### [DATA SHOWN]
+--

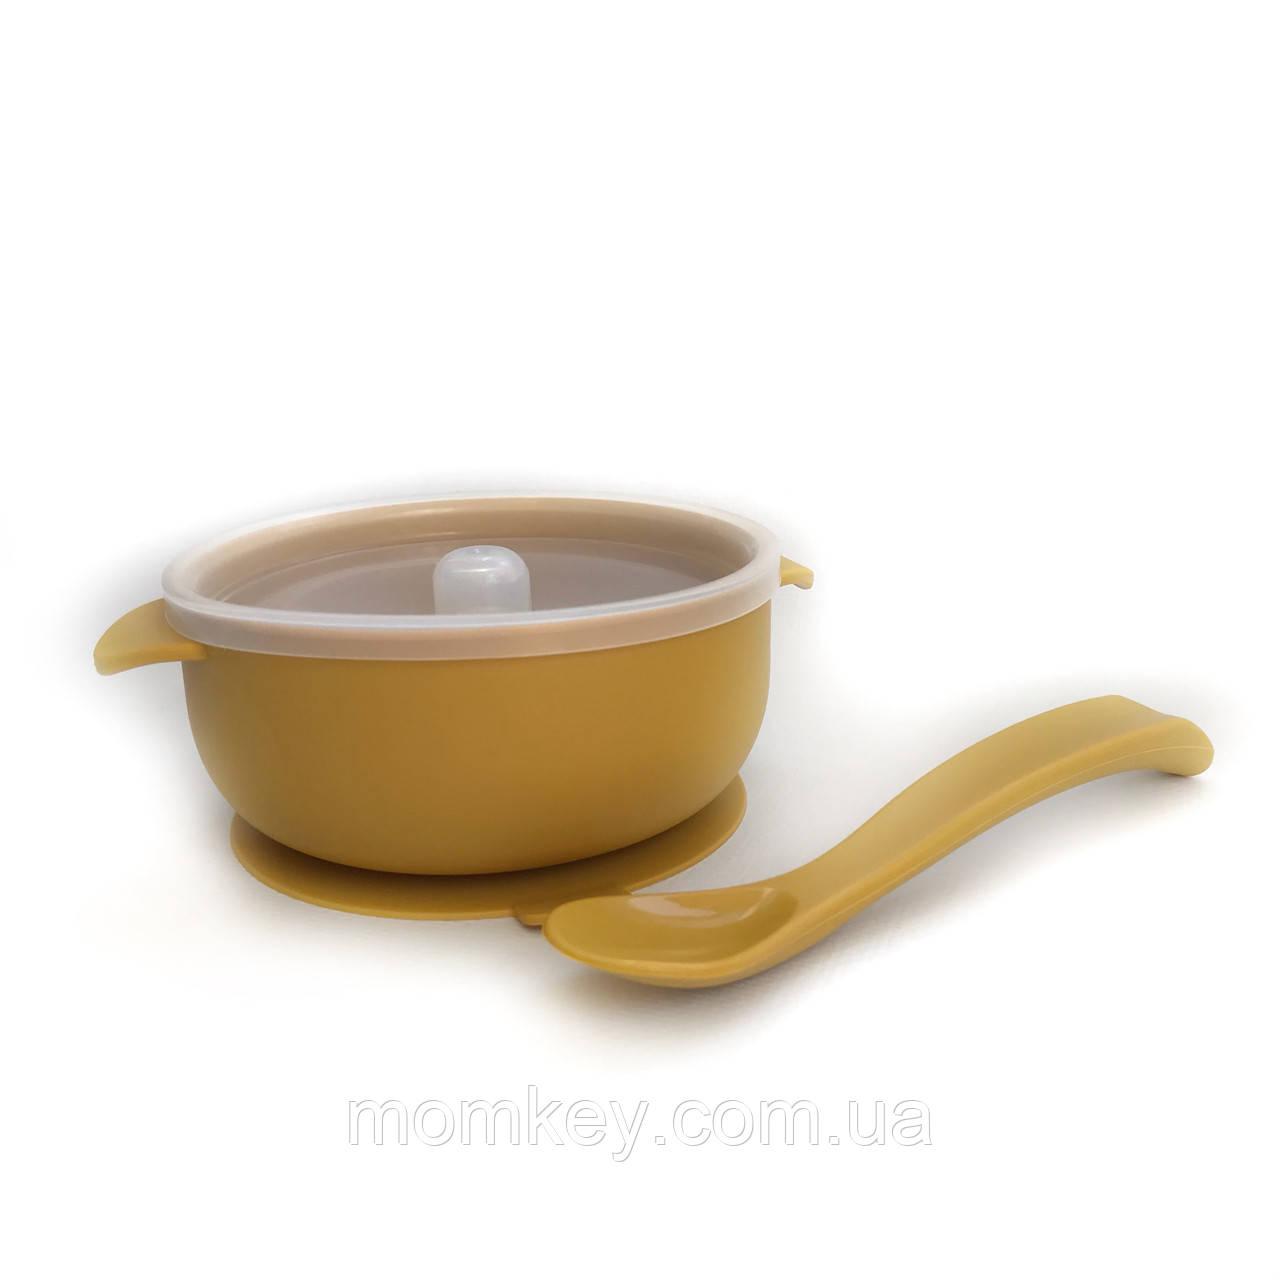 Тарелочка с крышкой+силиконовая ложка (горчичный)
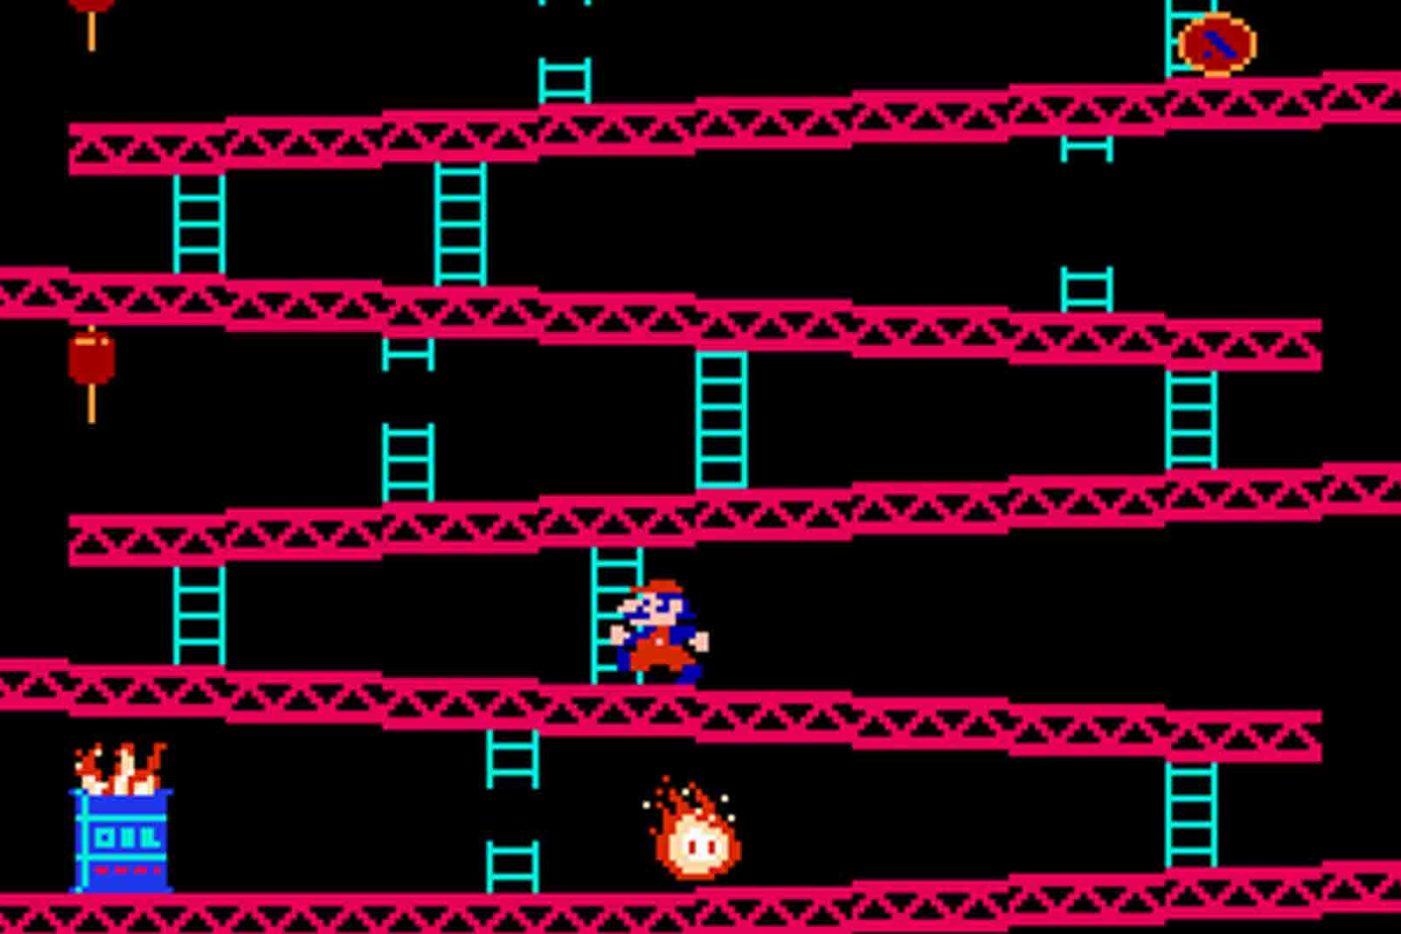 Donkey Kong Postgame
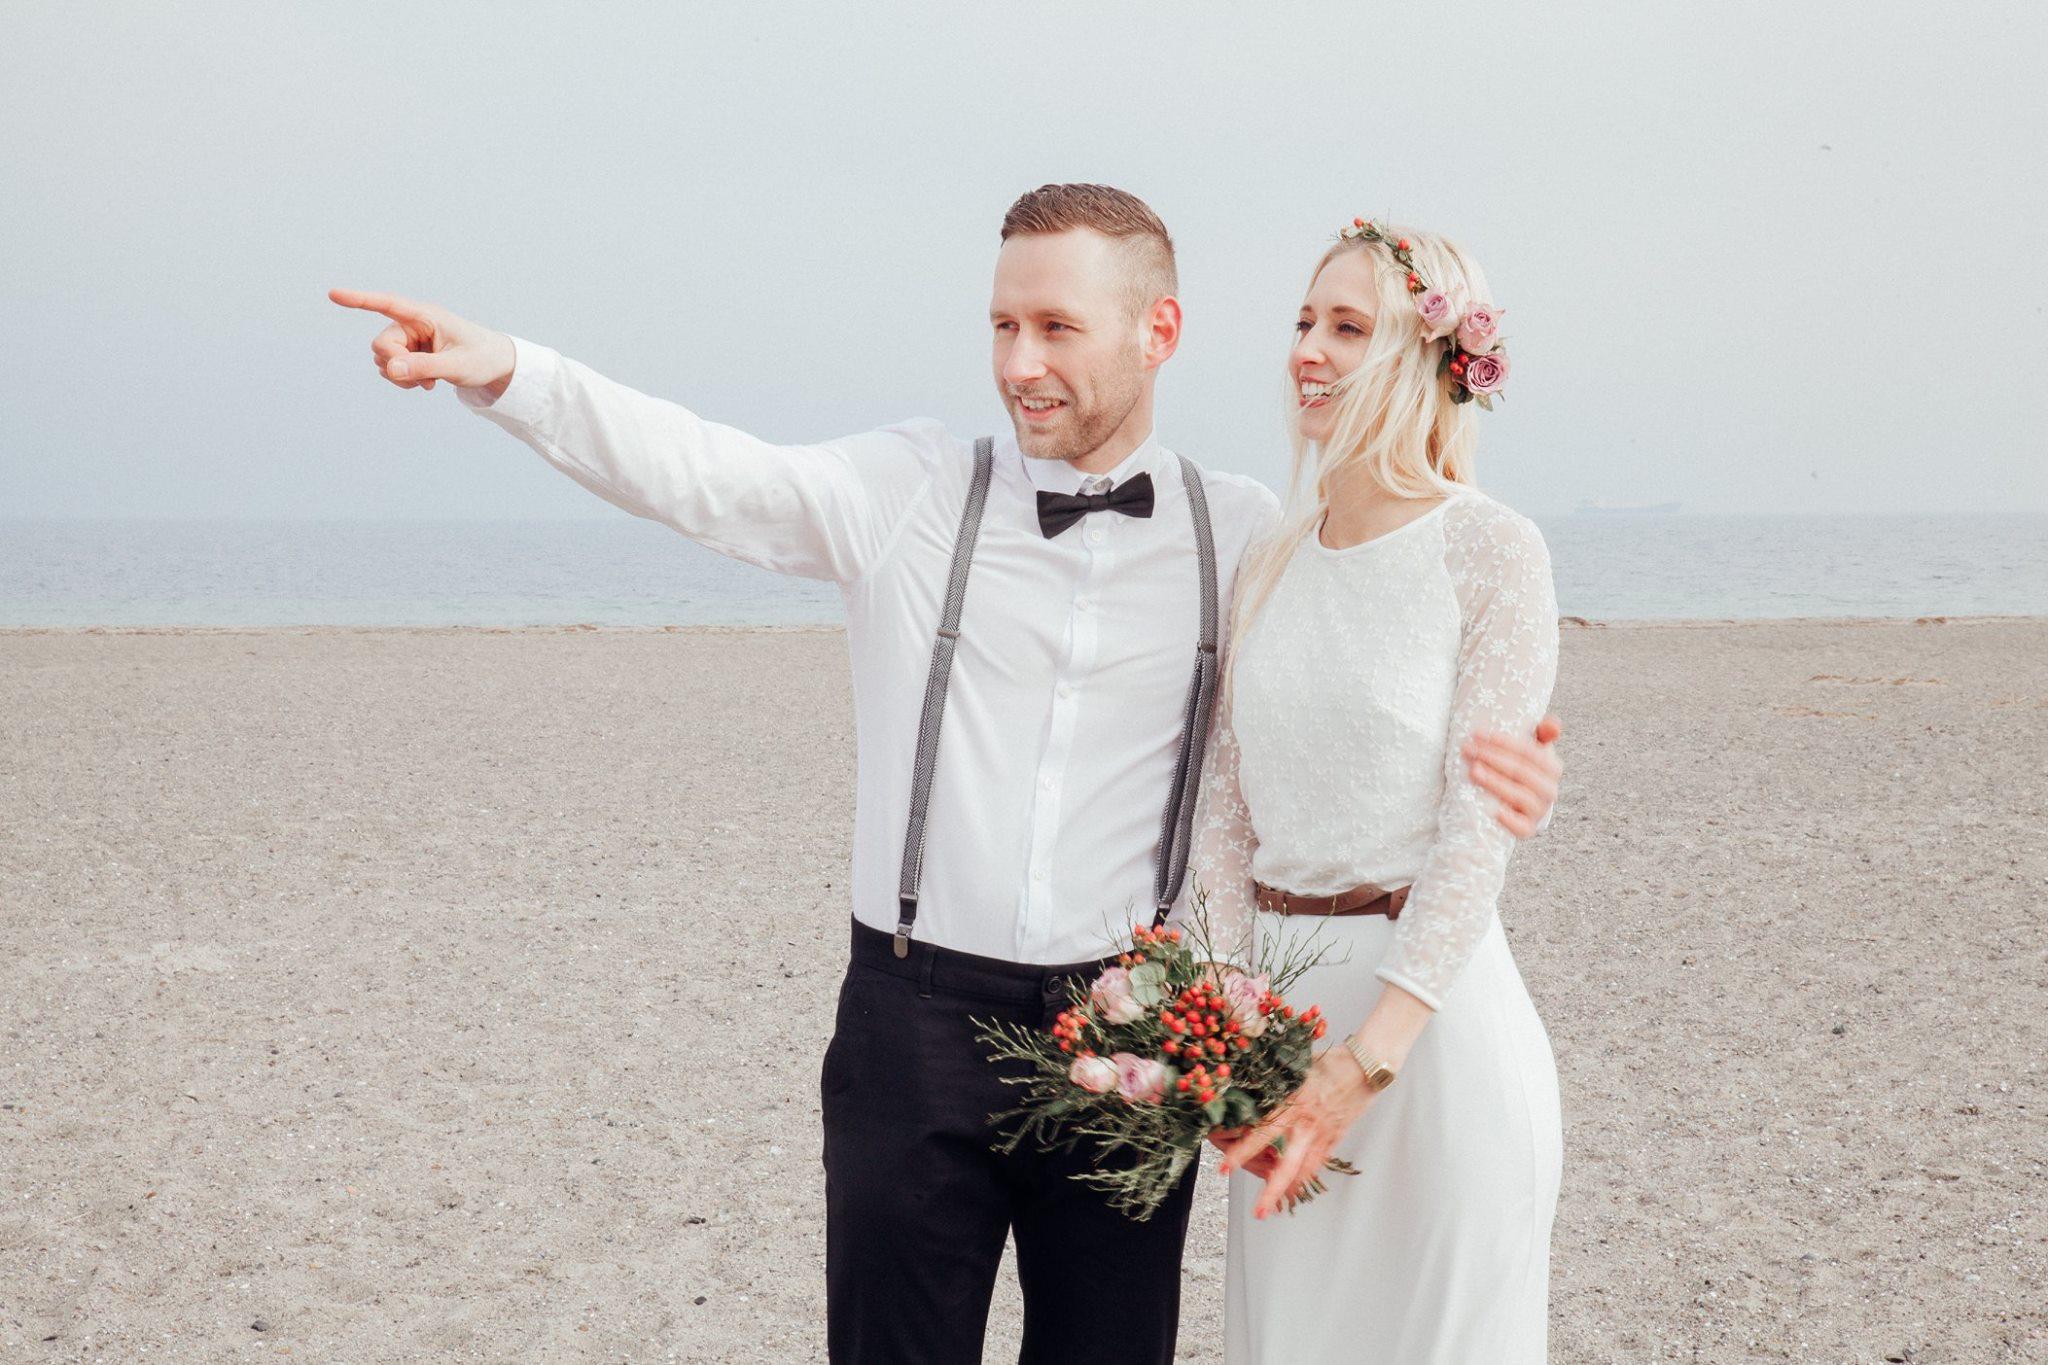 Wedding-in-Denmark-Marriage-Copenhagen-Photographers-10
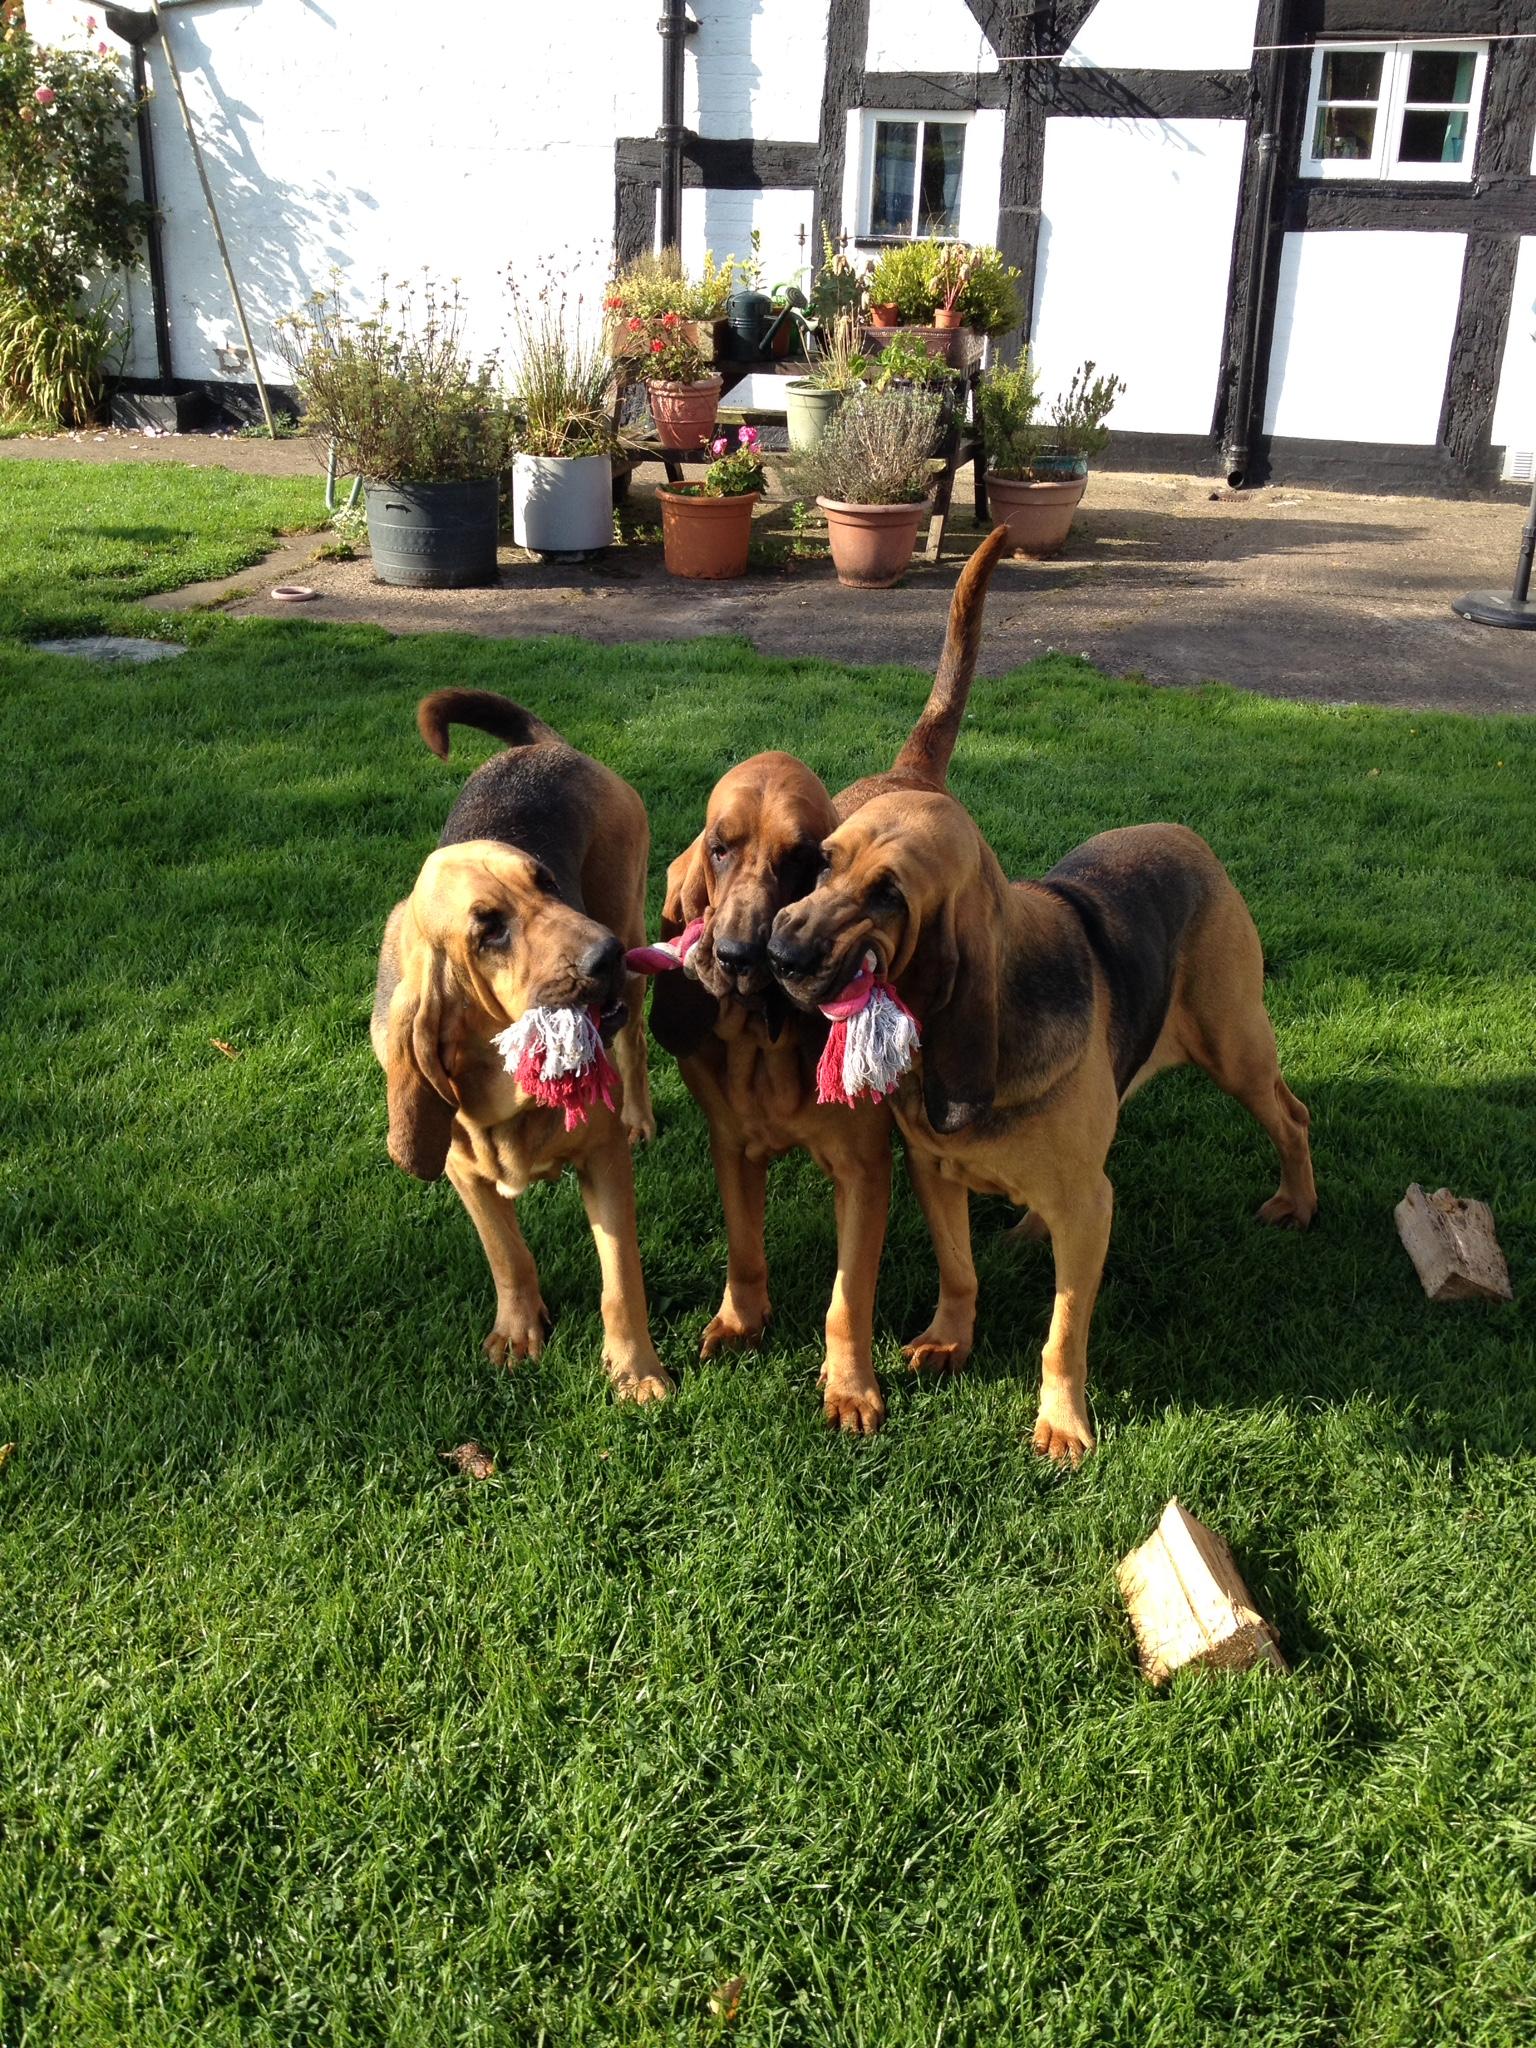 leyna, evie and purdie

+--

### [EXERCISE REQUIREMENTS]
If the material above contains pictures, exclude them from an otherwise exact transcription.

### [RESPONSE TO THE EXERCISE]
 Тарелочка с крышкой+силиконовая ложка (горчичный)
 Donkey Kong Postgame
 Wedding-in-Denmark-Marriage-Copenhagen-Photographers-10
 leyna, evie and purdie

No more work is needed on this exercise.